JUDGEMENT
Wort, J -
(1.)I propose to state very briefly my reasons for coming to the conclusion that the decision of the learned Judge in the Court below was right. The appeal concerns two out of twelve sale deeds--one executed on 11 April 1917 and the other on 3 September 1917 by Mahanth Bhagwat Bhagat. I do not propose to deal with the question of the plaintiff's title to sue in this action for the reason which will presently appear, namely that the matter is disposed of on the ground of limitation, which is the only substantial point. The death of Mahanth Bhagwat Bhagat took place on 7 January 1920 and this suit was brought on 4th December 1931, and but for other events to which I must refer, the action would have been clearly within time, the death of the Mahanth having taken place within 12 years of the date of the suit. But other considerations apply.
(2.)On 5 September 1917, that is to say, two days after the date of the last of the two alienations to which I have referred, Mahanth Bhagwat Bhagat purported to dispose of the balance of the property of the math. The deed was a deed of samarpannama and purported to deal with 37 bighas and 810 kathas. But the learned Judge is correct in coming to the conclusion that not merely the 37 odd bighas but all the remaining balance of the property was dealt with by that deed, that is to say the balance remaining after the disposal of the property by the sale deeds, the subject matter of this suit.

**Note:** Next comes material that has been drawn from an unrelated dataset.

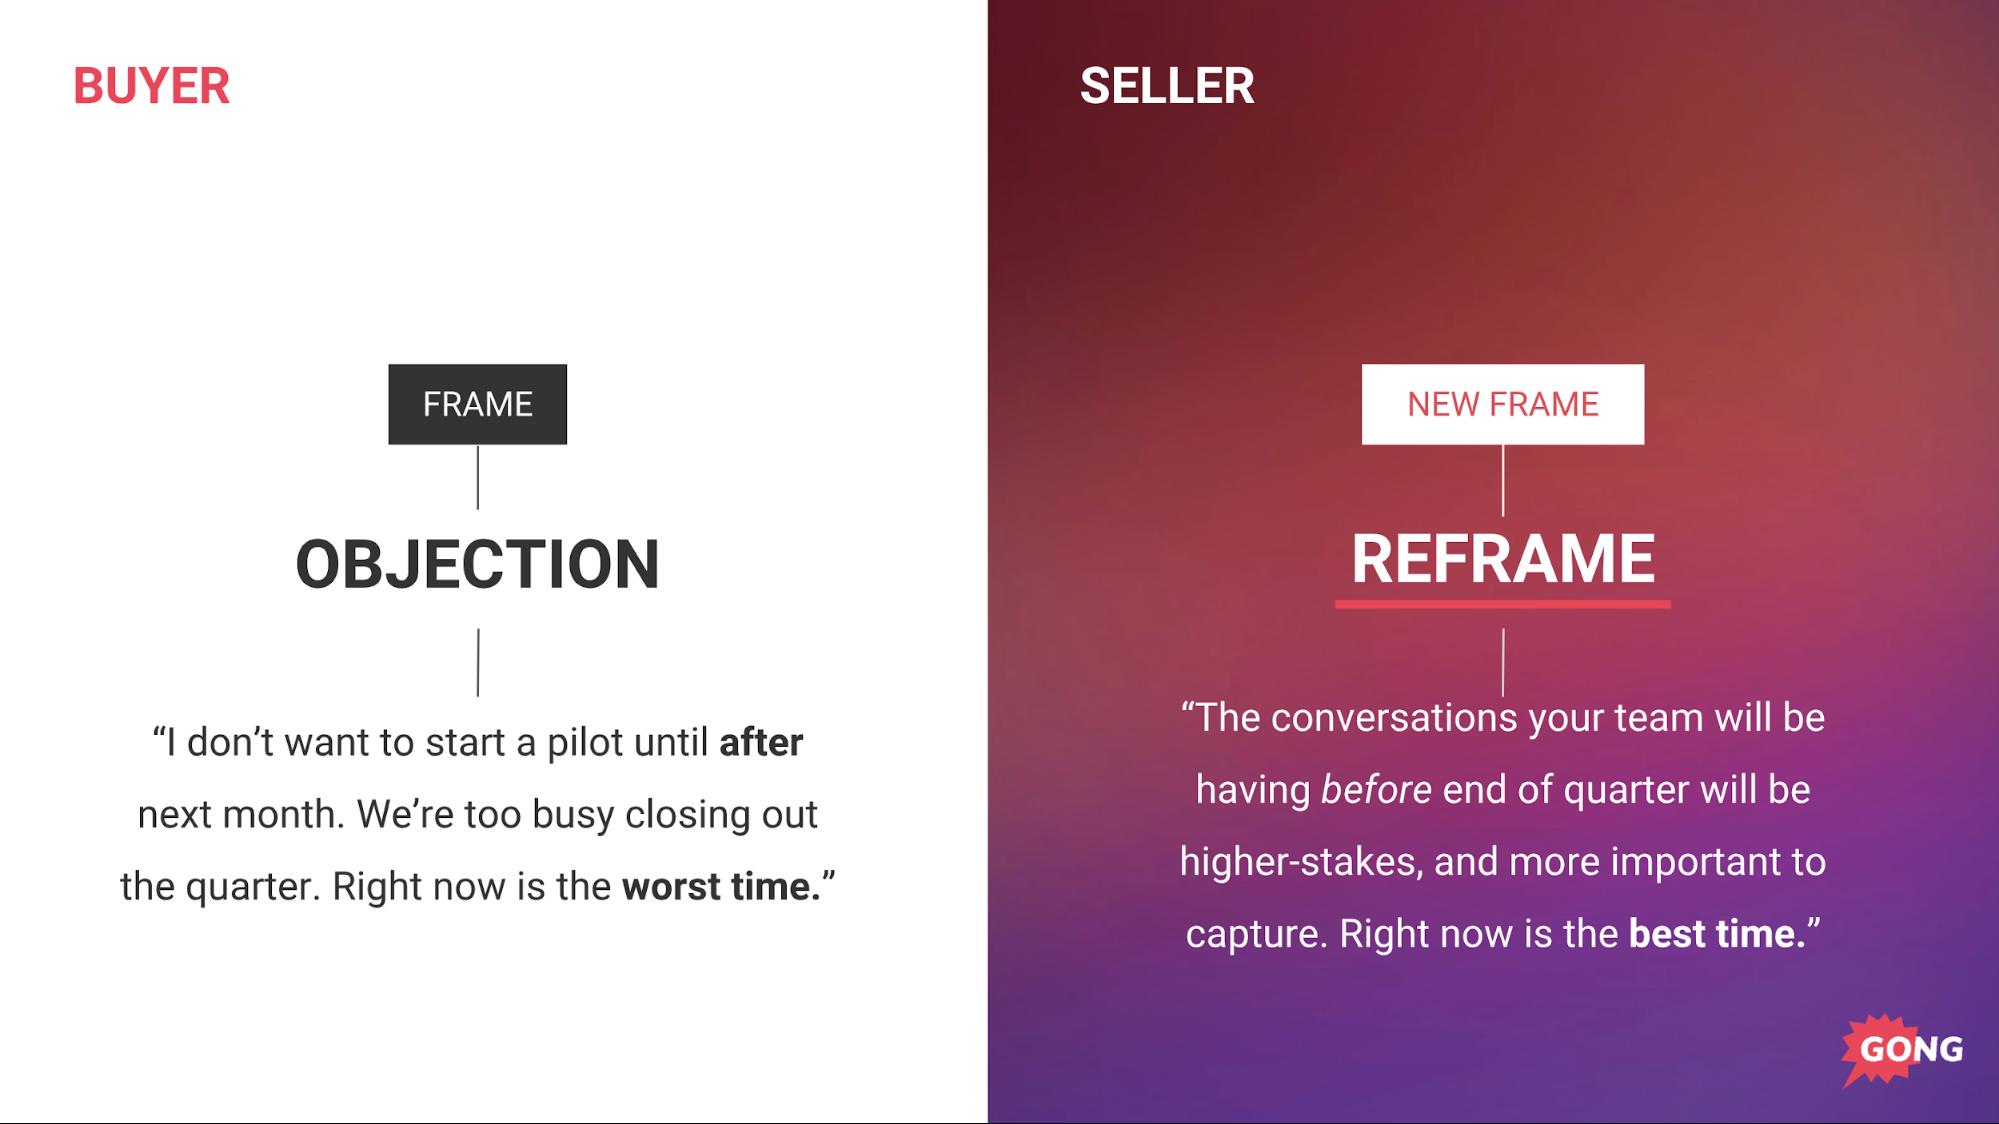 Reframe sales technique example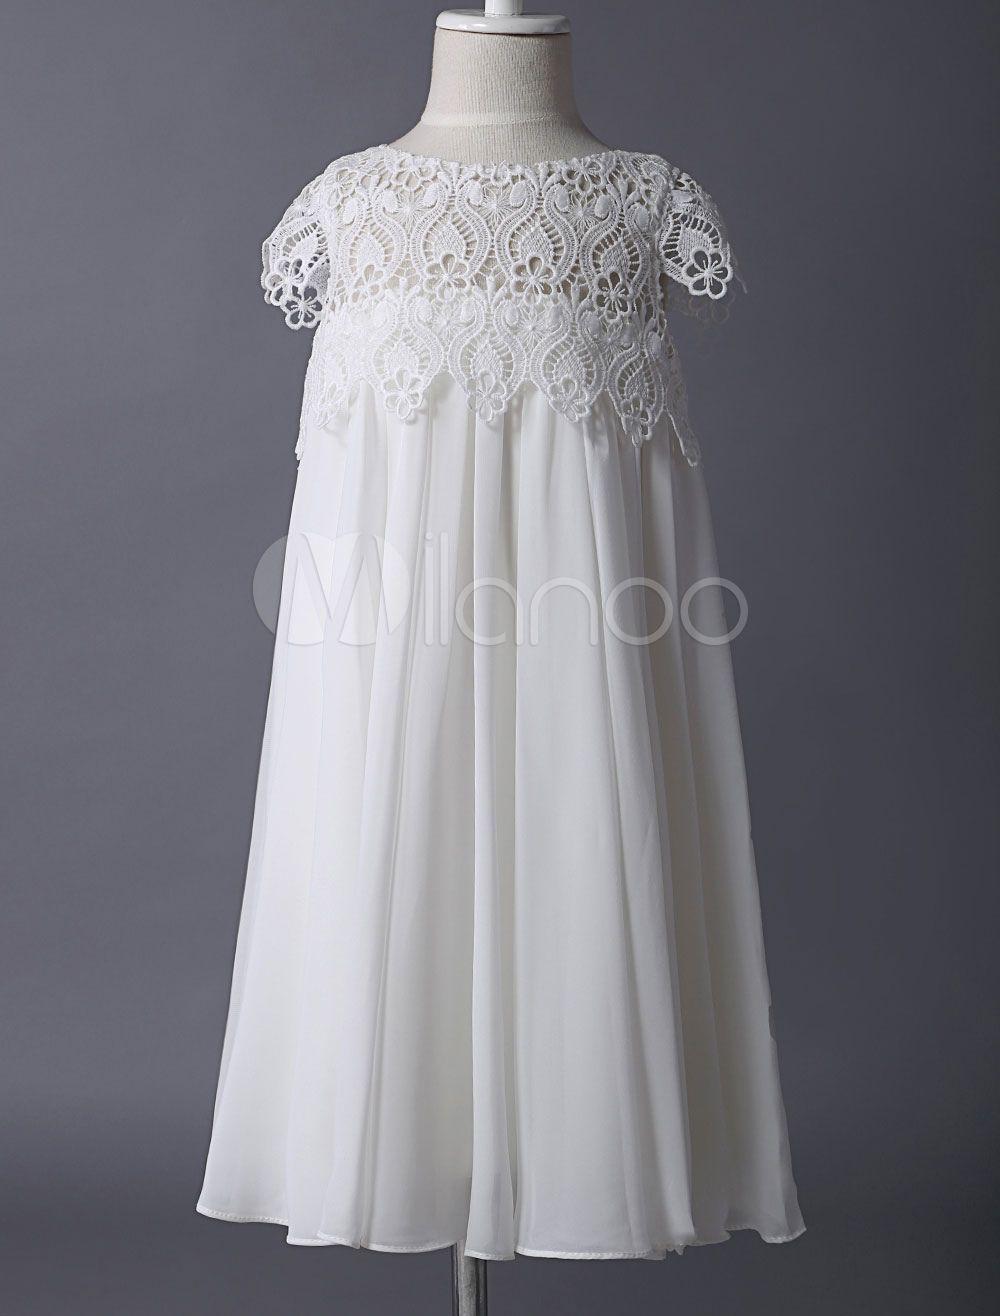 Boho Blumenmädchen Kleider Ivory Lace Cap Sleeves Chiffon kurze ...

(3.)There are two observations in the recent case in Ram Charan Das V/s. Naurangi Lal which in my judgment govern this case, and that is the only authority to which I propose to refer. The opinion of their Lordships of the Judicial Committee of the Privy Council was stated in the course of the judgment in these words: In other words a mahant has power (apart from any question of necessity) to create an interest in property appertaining to the math which will continue during his own life, or to put it perhaps more accurately, which will continue during his tenure of office of mahant of the math, with the result that adverse possession of the particular property will only commence when the mahant who had disposed of it ceases to be mahant by death or otherwise. The two observations to which I more particularly refer are these: (1) To create an interest in property appertaining to the math which will continue during his own life, or to put it perhaps more accurately, which will continue during nil tenure of office of mahant of the math; and (2) adverse possession will only commence when the mahant who had disposed of it ceases to be mahant by death or otherwise.